Выбрать главу

Он дождался следующего поезда, а затем еще одного. Он прошел тот же путь в обратную сторону, и снова вернулся, и — сквозь мучительные видения своего бегства — всматривался вдаль, не покажется ли еще одно из этих чудовищ. Он блуждал около станции, выжидая, чтобы одно из них здесь остановилось; а когда оно остановилось и его отцепили от вагонов, чтобы налить воды, он подошел к нему и стал рассматривать его тяжелые колеса и медную грудь и думать о том, какой жестокой силой и могуществом наделено оно. О, видеть, как эти огромные колеса начинают медленно вращаться, и думать о том, как они надвигаются на тебя и крушат кости!..

Он заплатил за проезд до той деревни, где предполагал остановиться, и стал прохаживаться взад и вперед, посматривая вдоль железнодорожного пути: с одной стороны он видел долину, а с другой — темный мост. И вдруг, сделав поворот там, где оканчивалась деревянная платформа, по которой он прогуливался, он увидел человека, от которого бежал. Тот появился в дверях станционного здания, откуда вышел и он сам. И глаза их встретились. Потрясенный, он пошатнулся и упал на рельсы. Но, тотчас поднявшись, он отступил шага на два, чтобы увеличить расстояние между собою и преследователем, и, дыша быстро и прерывисто, посмотрел на него.

Он услышал крик, и снова крик, увидел, что лицо, искаженное жаждой мести, помертвело и перекосилось от ужаса… почувствовал, как дрожит земля… мгновенно понял… оно приближается… испустил вопль… оглянулся… увидел прямо перед собой красные глаза, затуманенные и тусклые при дневном свете… был сбит с ног, подхвачен, втянут кромсающими жерновами… они скрутили его, отрывая руки и ноги, и, иссушив своим огненным жаром ручеек его жизни, швырнули в воздух изуродованные останки. Когда путешественник, которого узнал Каркер, очнулся, он увидел четверых людей, несущих на дощатых носилках что-то тяжелое и неподвижное, чем-то прикрытое, и увидел, как отгоняли собак, обнюхивавших железнодорожное полотно, и золою засыпали кровь». Вот эта кровь и мешает уюту, что так бесцветен рядом с ее яркостью…

Продажи «Домби» к весне достигли 35 тысяч экземпляров, и люди продолжали покупать старые выпуски; за последний год автор заработал около четырех тысяч фунтов и впервые смог положить в банк капитал. Читатели не обращали внимания на мнение критиков — «Домби» стал самым удачным (пока) произведением Диккенса, и большинство современных литературоведов считают его значительным шагом вперед.
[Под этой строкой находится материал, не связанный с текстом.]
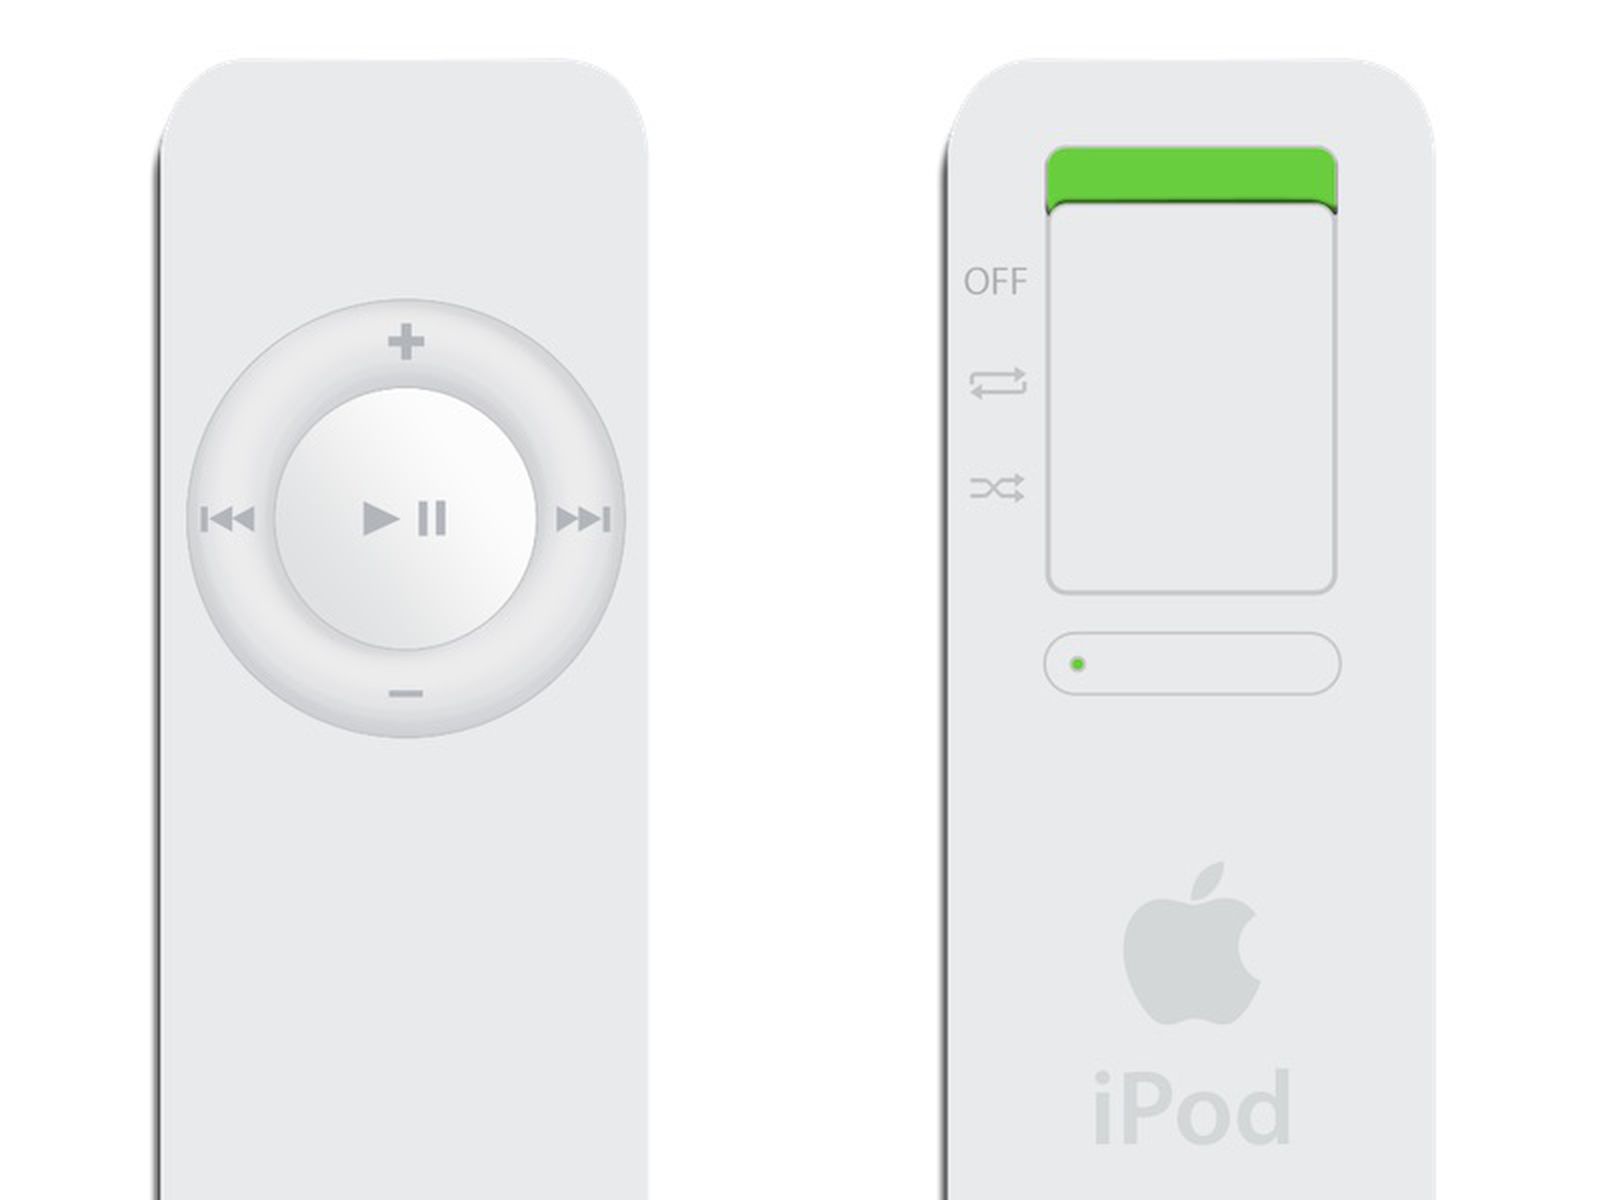 First-Generation iPod Shuffle Turns 14 Today - MacRumors

Но для Честертона это измена себе, шаг в сторону: «Он стал постигать и осваивать незнакомые, более обычные дары; причастился чужих литературных достоинств — сложной тонкости Теккерея и обстоятельности Джордж Элиот… Я не уверен, улучшились ли его книги; уверен только, что в них стало меньше недостатков. Теперь он реже ошибался, избегая длиннот и пустот, почти не впадал в напыщенность, которая в его ранних романах утомляла тем больше, что он считал ее обязательной… „Домби“ — последний фарс, последняя книга, где действуют законы буффонады и тон задает балаганная нота. В определенном смысле следующую его книгу можно будет назвать первым романом». Ставим ли мы «Домби» на первое место в нашем списке? Нет; но — на одно из первых.

Летом Диккенсы жили, как обычно, в Бродстерсе, где Кэтрин чуть не погибла, когда лошадь понесла; глава семьи постоянно уезжал — дал со своей любительской труппой ряд спектаклей в Лондоне, Бирмингеме, Эдинбурге, Глазго, Манчестере и Ливерпуле, сбор — в пользу пожилых актеров. Писал рождественскую повесть «Одержимый, или Сделка с призраком». Фанни мучительно, медленно умирала, он перевез ее с семьей в дом под Лондоном, ходил к ней в течение июля и августа почти каждый вечер — попеременно со своим отцом. 2 сентября она умерла. Ей было 38 лет. Он провел следующие дни с Форстером — руки его дрожали, и о работе не было речи. (На следующий год умер сын Фанни — Диккенс писал Форстеру: «Господь отвернулся от меня».) Верный Форстер сопровождал его в Бродстерс, а в конце месяца — на пешеходную экскурсию по Рочестеру.